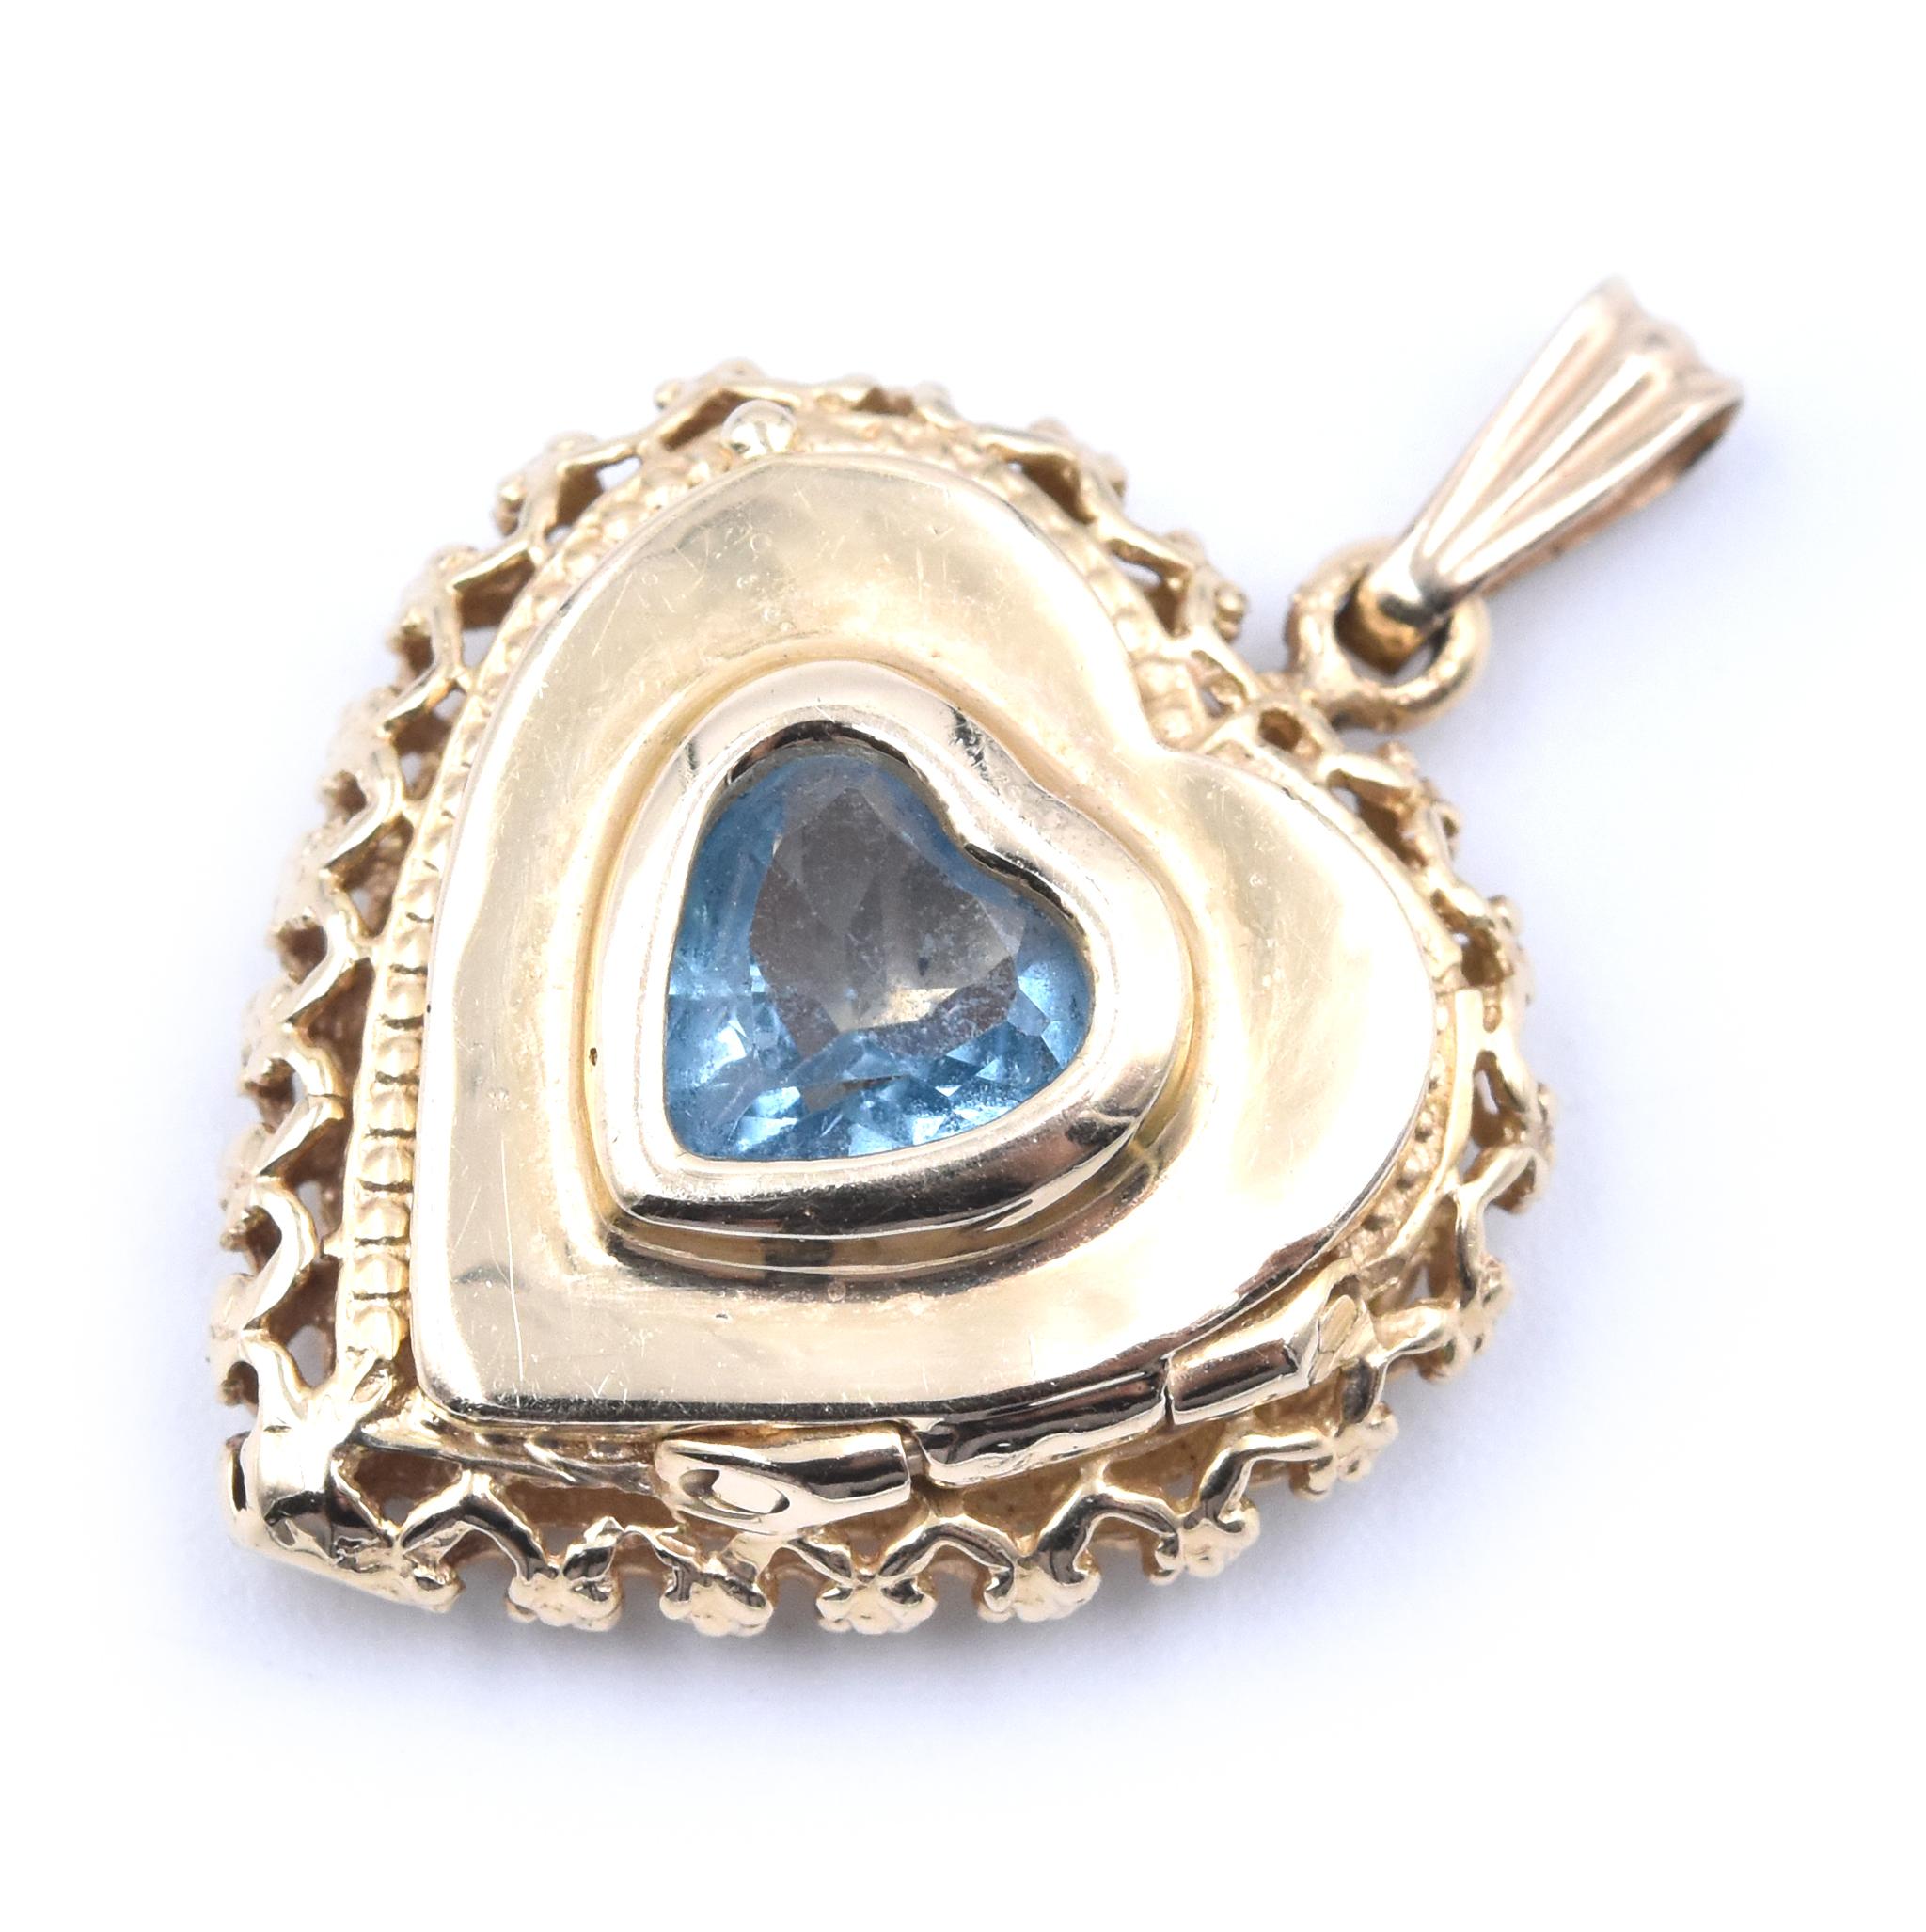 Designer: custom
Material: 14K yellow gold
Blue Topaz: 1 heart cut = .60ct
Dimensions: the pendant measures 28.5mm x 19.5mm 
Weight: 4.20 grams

======

TASK DETAILS> Would you write out each entry word for word and omit the images?

RESULT>
 Designer: custom
Material: 14K yellow gold
Blue Topaz: 1 heart cut = .60ct
Dimensions: the pendant measures 28.5mm x 19.5mm 
Weight: 4.20 grams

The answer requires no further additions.